The invention concerns oxime derivatives of the formula I STR1 wherein R4 is hydrogen, (1-4C)alkyl, halogeno-(2-4C)alkyl, hydroxy-(2-4C)alkyl, cyano-(1-4C)alkyl, phenyl or phenyl-(1-4C)alkyl; R5 is hydrogen, (1-4C)alkyl, halogeno-(2-4C)alkyl, hydroxy-(2-4C)alkyl, cyano-(1-4C)alkyl, phenyl or phenyl-(1-4C)alkyl, or a heteroaryl moiety selected from pyridyl, pyrimidinyl, pyrazinyl, pyridazinyl, furyl, thienyl, oxazolyl and thiazolyl; A4 is (1-4C)alkylene; Ar1 is phenylene, pyridinediyl or pyrimidinediyl; A1 is a direct link to X1 or A1 is (1-4C)alkylene; X1 is oxy, thio, sulphinyl or sulphonyl; Ar2 is phenylene, pyridinediyl, pyrimidinediyl, thiophenediyl, furandiyl or thiazolediyl; R1 is hydrogen, (1-4C)alkyl, (3-C)alkenyl or (3-4C)alkynyl; and R2 and R3 together form a group of the formula –A2 –X2 –A3 — wherein each of A2 and A3 is independently (1-3C)alkylene and X2 is oxy, thio, sulphinyl, sulphonyl or imino; or a pharmaceutically-acceptable salt thereof; processes for their manufacture; pharmaceutical compositions containing them and their use as 5-lipoxygenase inhibitors.

Note that a catalyst decreases the activation energy for both the forward and the reverse reactions and hence accelerates both the forward and the reverse reactions.1317-39-1, you can also check out more blogs about1317-39-1

Reference£º
Copper catalysis in organic synthesis – NCBI,
Special Issue “Fundamentals and Applications of Copper-Based Catalysts”

 

In homogeneous catalysis, the catalyst is in the same phase as the reactant.

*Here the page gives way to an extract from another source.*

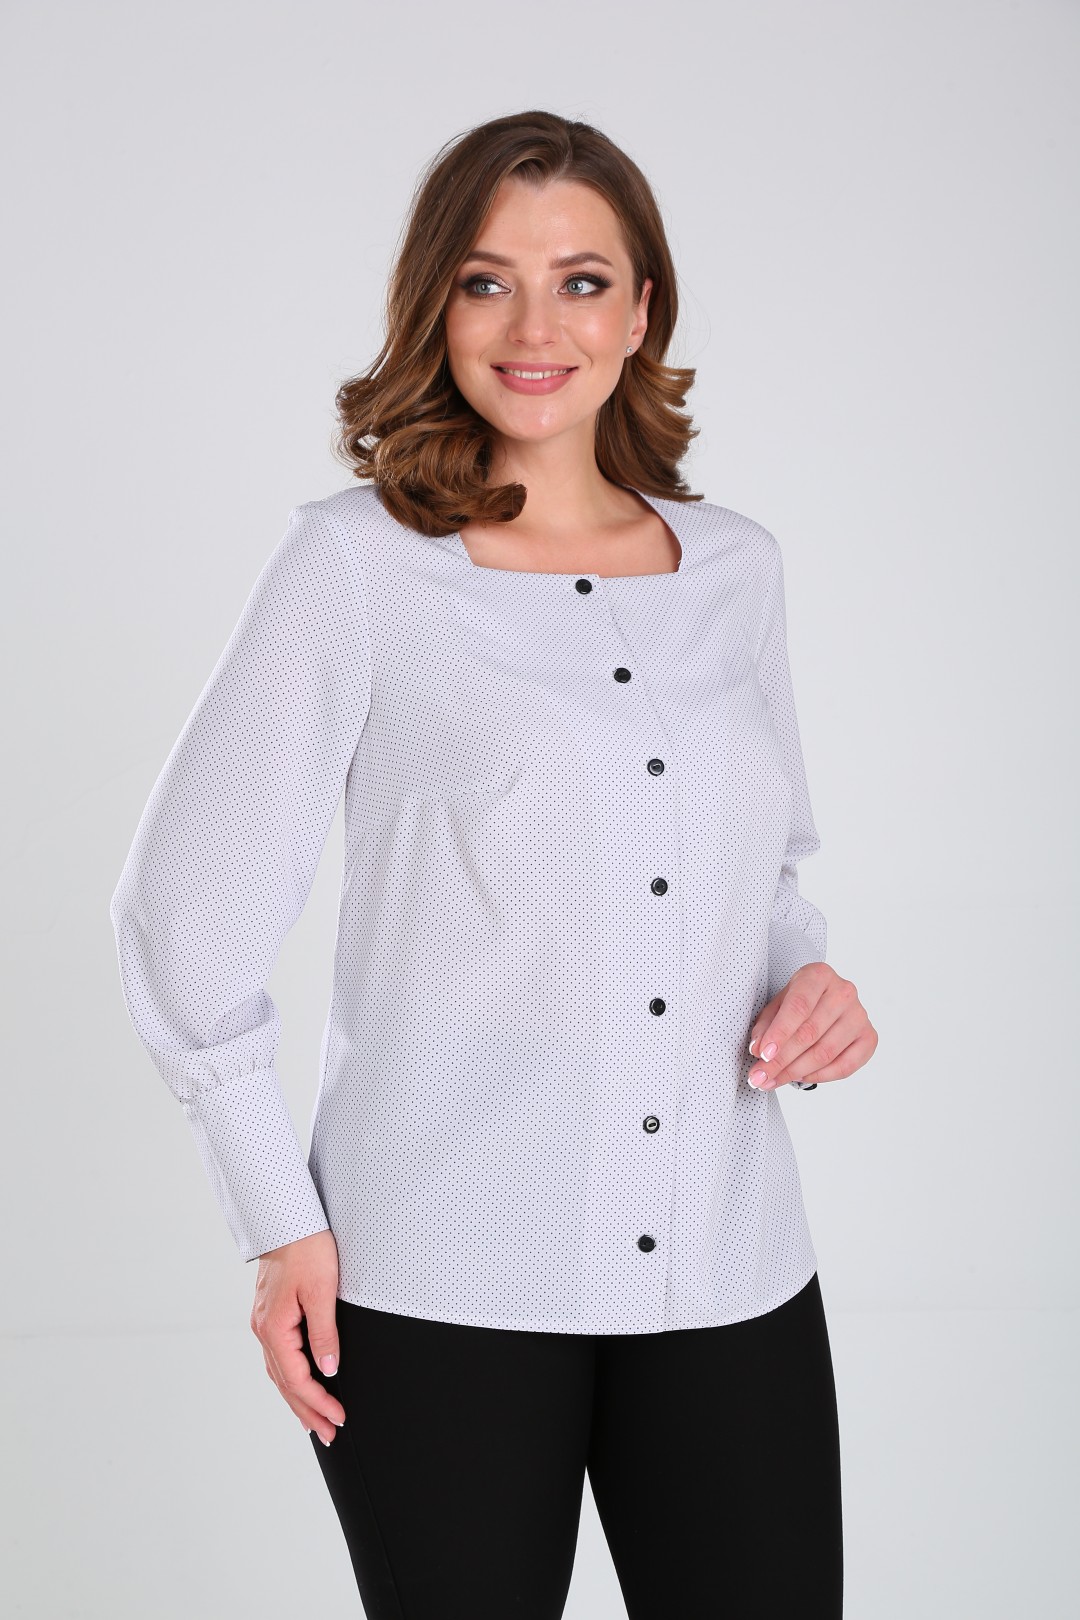 Блузка Элль-стиль 507 мелкий серый горох на светло-сером фоне

The number of collisions between reactants and catalyst is at a maximum.In a patent, 1317-39-1, name is Copper(I) oxide, introducing its new discovery. 1317-39-1

Triazapentadienes as acaricides

Certain heteroaryl triazapentadienes with acaricidal properties and their preparation are described.

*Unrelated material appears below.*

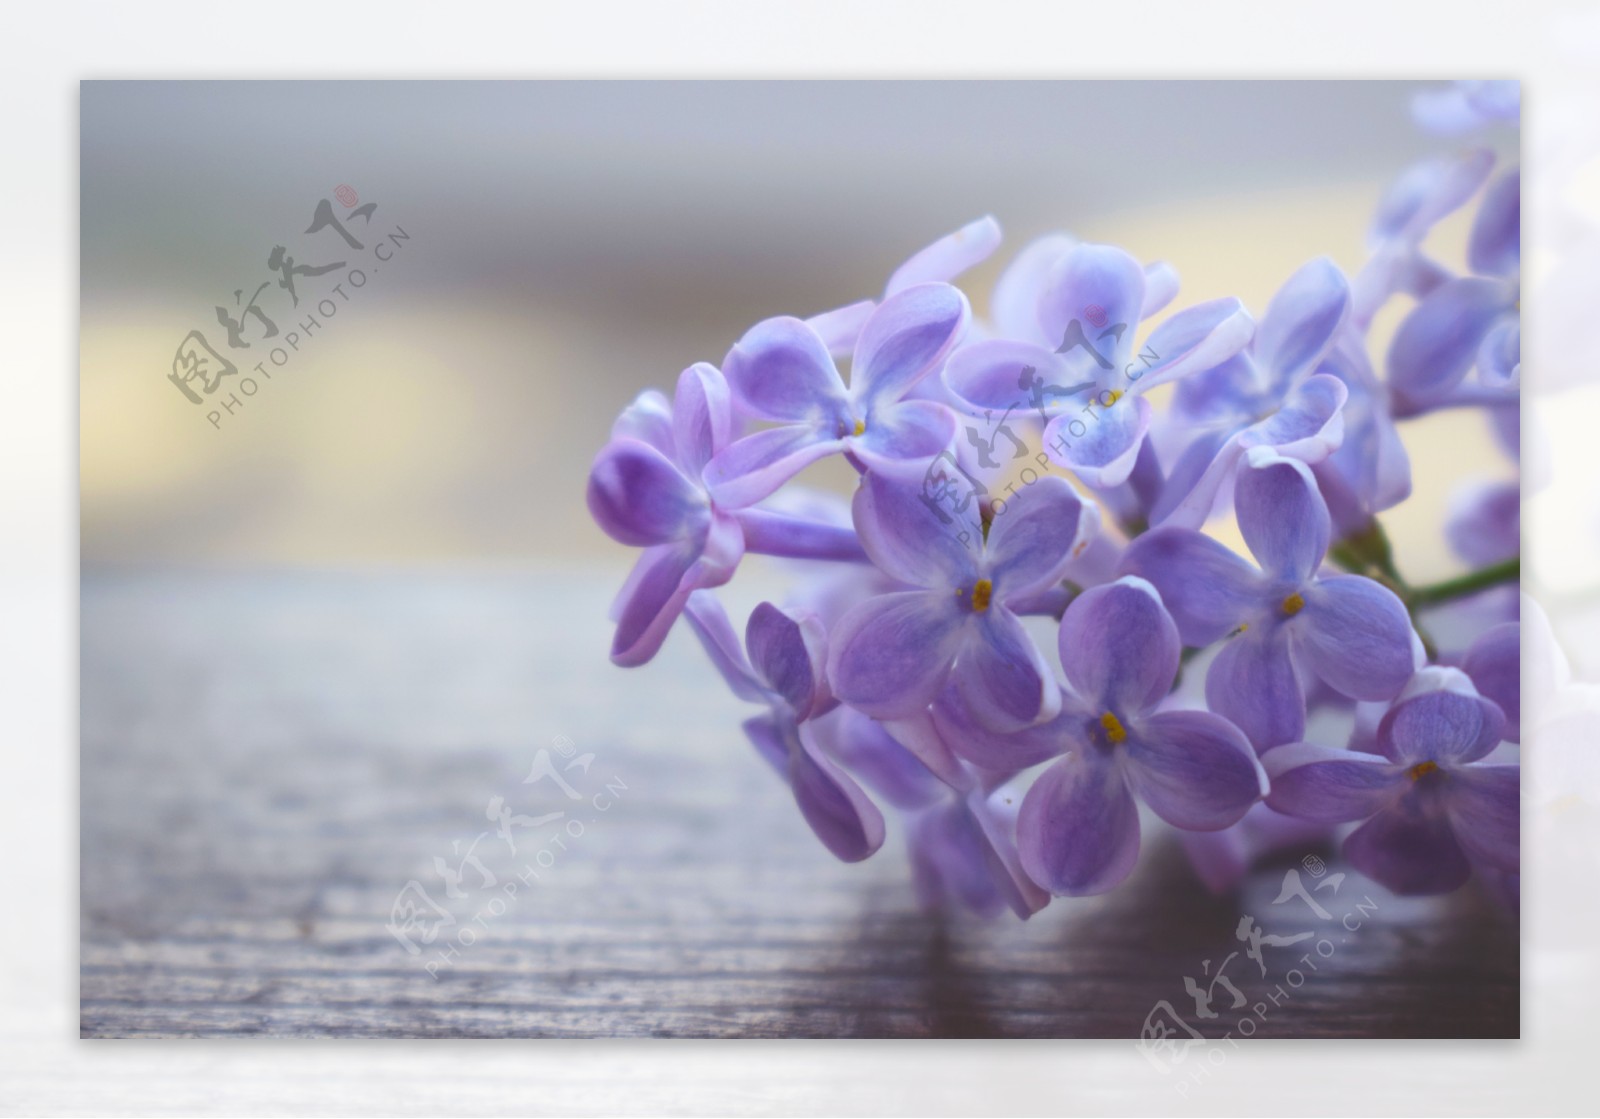 蓝紫色风信子花卉摄影

Note that a catalyst decreases the activation energy for both the forward and the reverse reactions and hence accelerates both the forward and the reverse reactions.1317-39-1, you can also check out more blogs about1317-39-1

Reference£º
Copper catalysis in organic synthesis – NCBI,
Special Issue “Fundamentals and Applications of Copper-Based Catalysts”

 

1111-67-7, Chemistry can be defined as the study of matter and the changes it undergoes. You¡¯ll sometimes hear it called the central science because it is the connection between physics and all the other sciences, starting with biology.1111-67-7, Name is Cuprous thiocyanate, molecular formula is CCuNS, introducing its new discovery.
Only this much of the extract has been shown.